The Many-Worlds Interpretation (MWI) of quantum mechanics holds that there are many worlds which exist in parallel at the same space and time as our own. The existence of the other worlds makes it possible to remove randomness and action at a distance from quantum theory and thus from all physics.

The concept of multiverses is mentioned many times in Hindu Puranic literature, such as in the Bhagavata Purana.

Every universe is covered by seven layers — earth, water, fire, air, sky, the total energy and false ego — each ten times greater than the previous one. There are innumerable universes besides this one, and although they are unlimitedly large, they move about like atoms in You. Therefore You are called unlimited (Bhagavata Purana 6.16.37)

What am I, a small creature measuring seven spans of my own hand? I am enclosed in a potlike universe composed of material nature, the total material energy, false ego, ether, air, water and earth. And what is Your glory? Unlimited universes pass through the pores of Your body just as particles of dust pass through the openings of a screened window (Bhagavata Purana 10.14.11)

Source: Hindu cosmology

  • Story of Revati and Time Dilation:

Revati was the only daughter of King Kakudmi. Feeling that no human could prove to be good enough to marry his lovely and talented daughter, Kakudmi took Revati with him to Brahmaloka (abode of Brahma) to ask the God's advice about finding a suitable husband for Revati. Then, Kakudmi bowed humbly, made his request and presented his shortlist of candidates. Brahma laughed loudly, and explained that time runs differently on different planes of existence, and that during the short time they had waited in Brahmaloka to see him, 27 chatur-yugas had passed on Earth and all the candidates had died long ago.
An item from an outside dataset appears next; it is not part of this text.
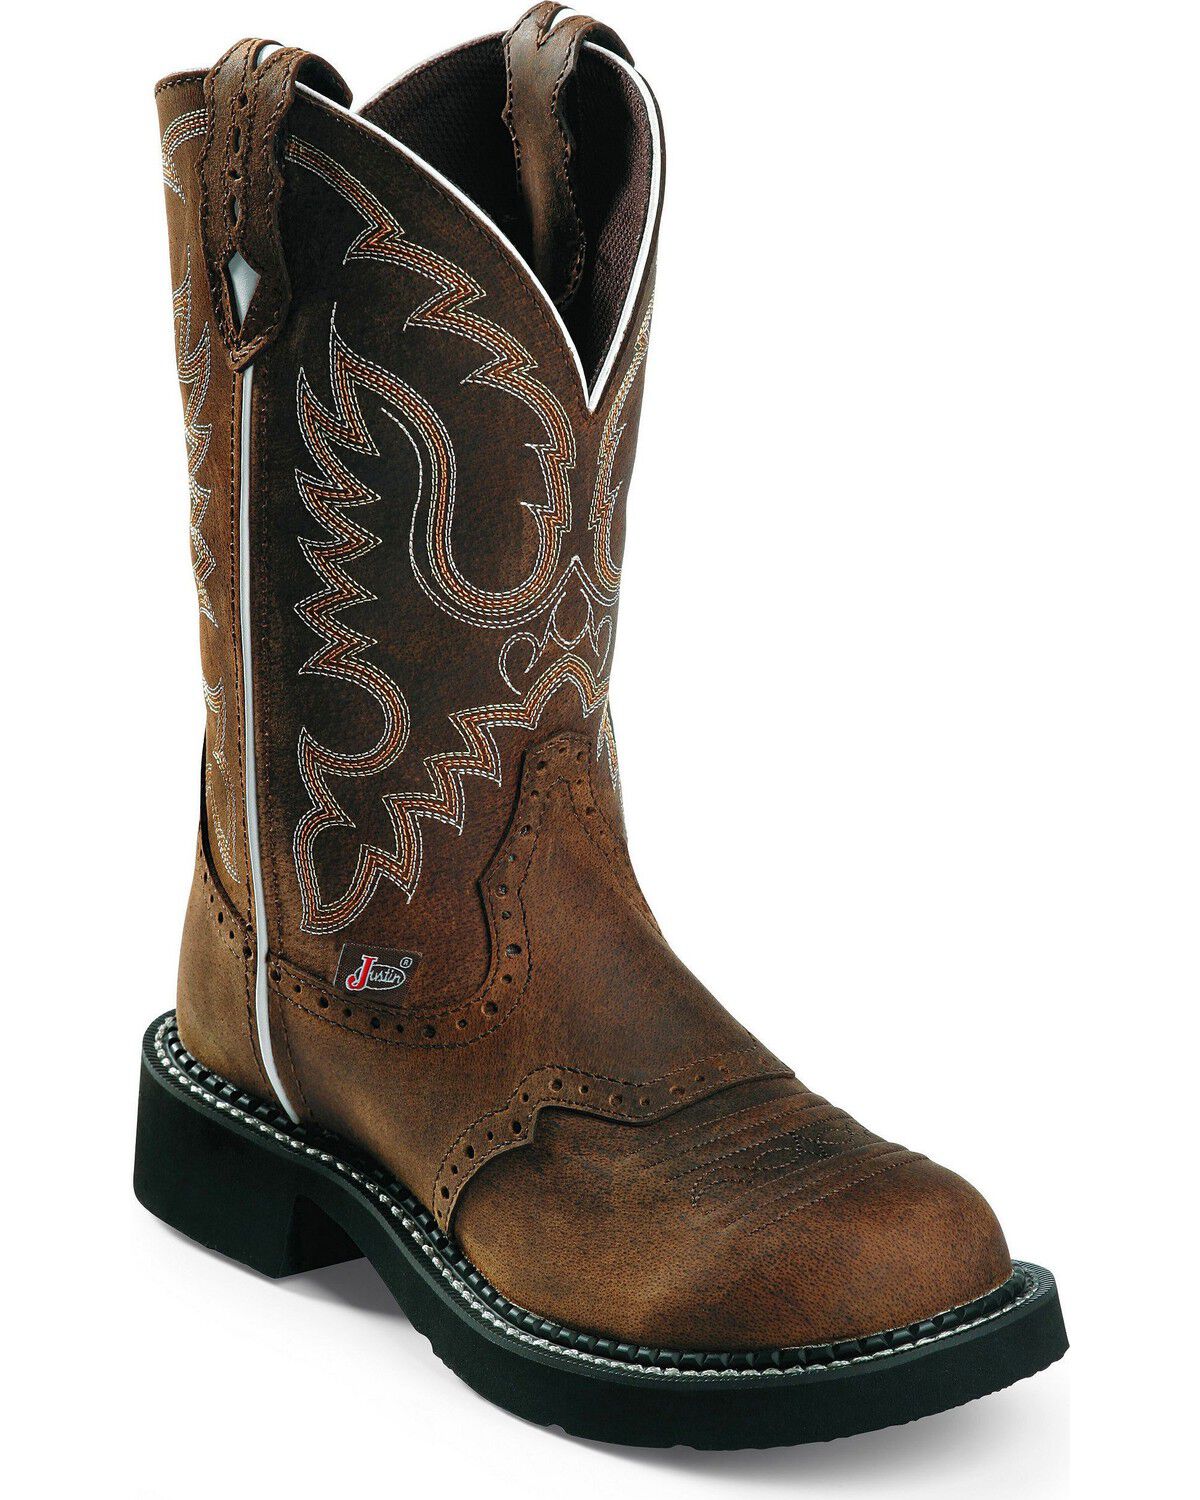 Justin Gypsy Cowboy Boots 7 12B

Brahma added that Kakudmi was now alone as his friends, ministers, servants, wives, kinsmen, armies, and treasures had now vanished from Earth and he should soon bestow his daughter to a husband as Kali yuga was near.

Source: Revati

In the theory of relativity, time dilation is a difference of elapsed time between two events as measured by observers either moving relative to each other or differently situated from a gravitational mass or masses.

  • Grandiose time scales:

Hindu cosmology involves some very large numbers. Just for example, the age of Earth predicted in Vishnu Purana (ancient Hindu scripture) is 4.32 billion years which is quite close to the current estimate of the age of the Earth - 4.5 billion years.
Carl Sagan was so impressed with such large numbers, the kind of which do not feature in creation myths of other civilizations, that he mentioned it in his Cosmos series:

“It is the only religion in which the time scales correspond, no doubt, by accident, to those of modern scientific cosmology. Its cycles run from our ordinary day and night to a day and night of Brahma 8.64 billion years long. Longer than the age of the earth or the sun and about half of the time since the big bang. And there are much longer time scales still.”

But if you compare the numbers from Hindu cosmology with current estimates from science, it becomes clear how wrong they are. The estimated age of the Universe is 13.7 billion years, whereas according to Hindu cosmology it is 155 trillion years. Even if we ignore that number and take the start of a mahayuga to mean the start of the Universe or the birth of Earth, the age of current mahayuga - 120 million years is nowhere close to either the age of the Earth or the Universe. Of all the numbers listed in Vishnu Purana, just one number - 4.32 billion years - comes close to a number given by science.

  • Big Bang, Big Crunch hypothesis and endless cycle of destruction and creation of universe in Hindu Cosmology:

Big Crunch: The Big Crunch is one possible scenario for the ultimate fate of the universe, in which the metric expansion of space eventually reverses and the universe re-collapses, ultimately ending as a black hole singularity or causing a reformation of the universe starting with another big bang.

Hinduism is the only religion that propounds the idea of life-cycles of the universe. It suggests that the universe undergoes an infinite number of deaths and rebirths.